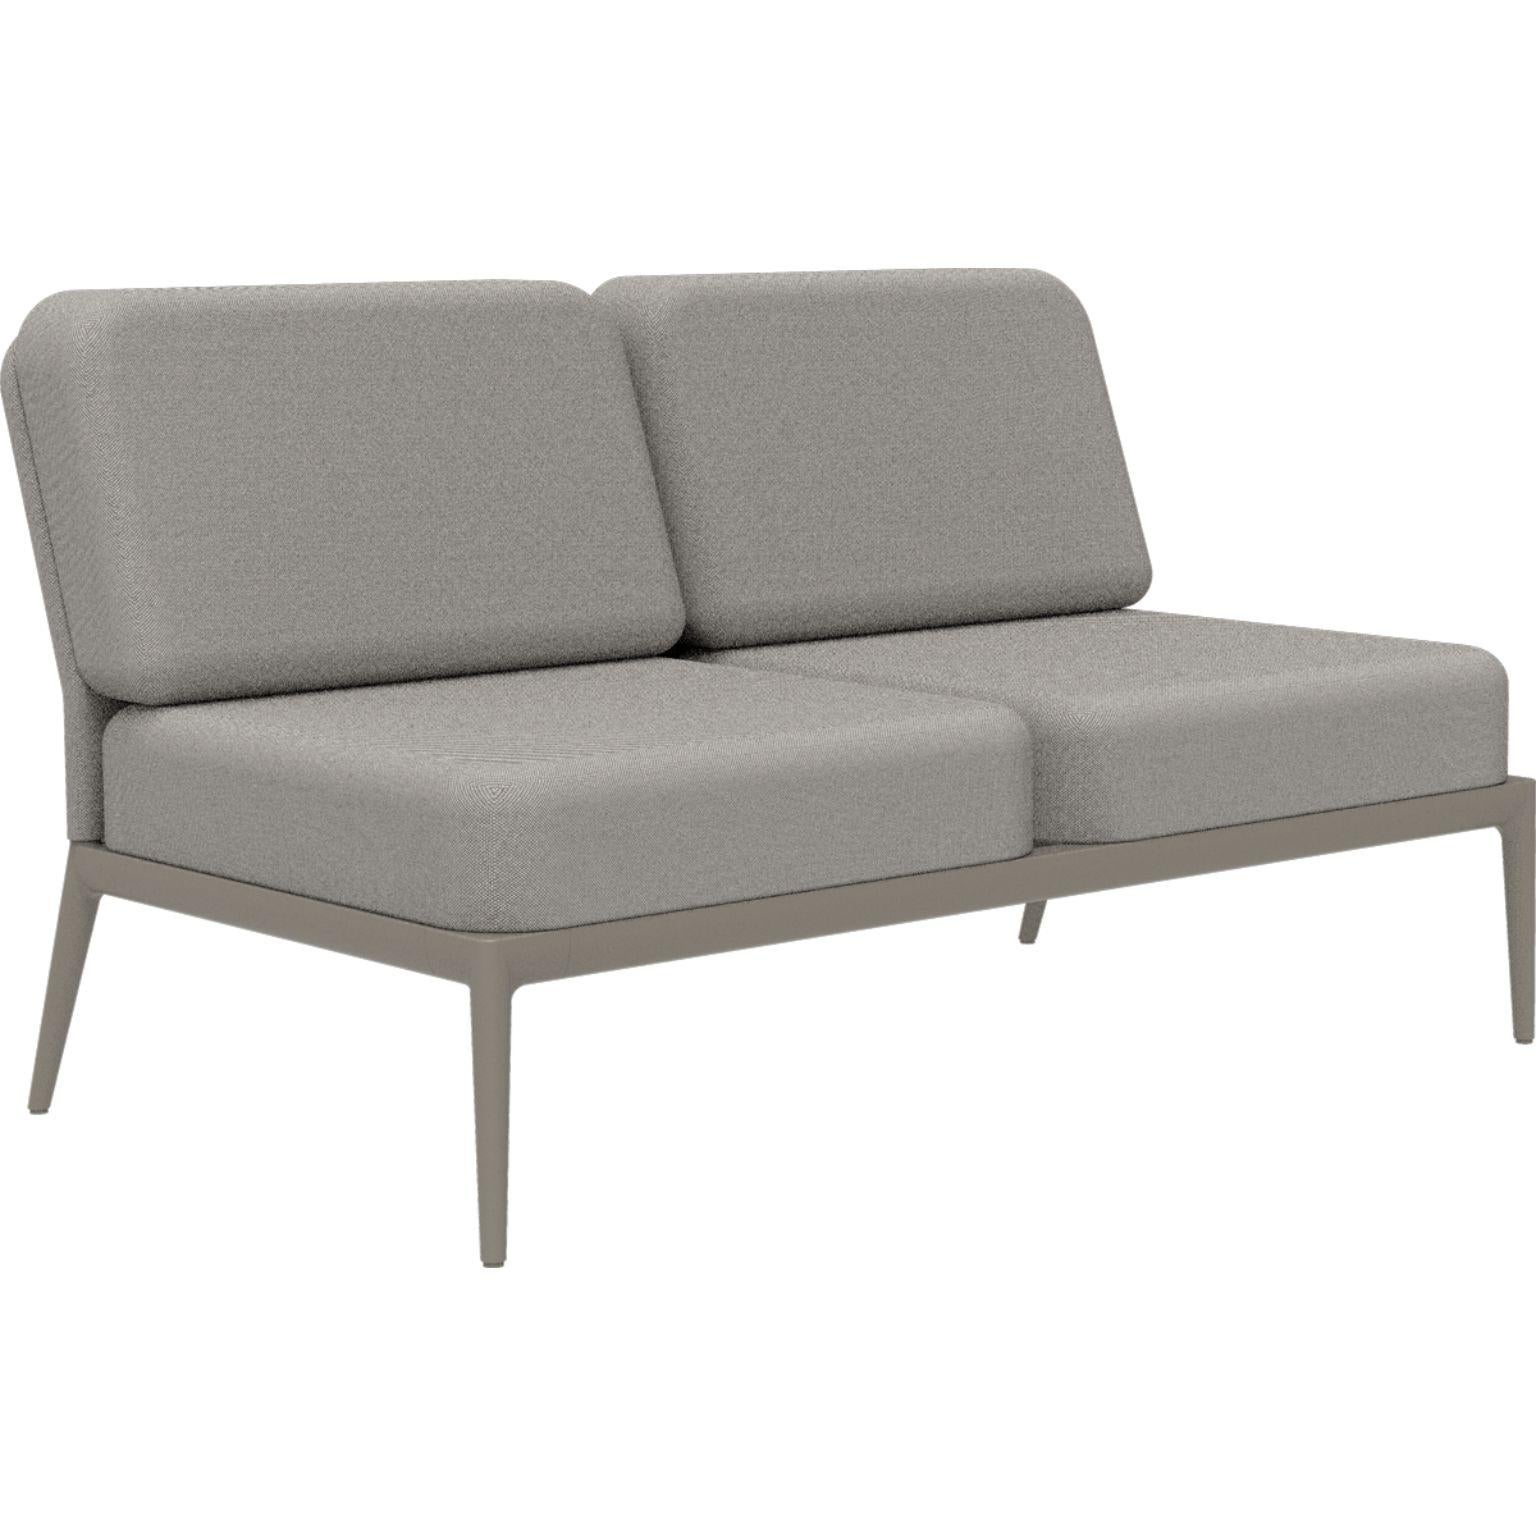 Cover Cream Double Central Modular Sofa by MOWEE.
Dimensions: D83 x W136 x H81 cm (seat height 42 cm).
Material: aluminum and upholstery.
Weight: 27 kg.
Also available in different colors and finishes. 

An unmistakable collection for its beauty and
• • • •
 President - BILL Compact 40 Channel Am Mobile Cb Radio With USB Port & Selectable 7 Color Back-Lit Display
• • • •
Task requirements
Reproduce, character for character, only the lines of the preceding data that start at the line with "Dimensions: D83 x" and end at the line with "An unmistakable collection for its beauty and", both included.

Task output
Dimensions: D83 x W136 x H81 cm (seat height 42 cm).
Material: aluminum and upholstery.
Weight: 27 kg.
Also available in different colors and finishes. 

An unmistakable collection for its beauty and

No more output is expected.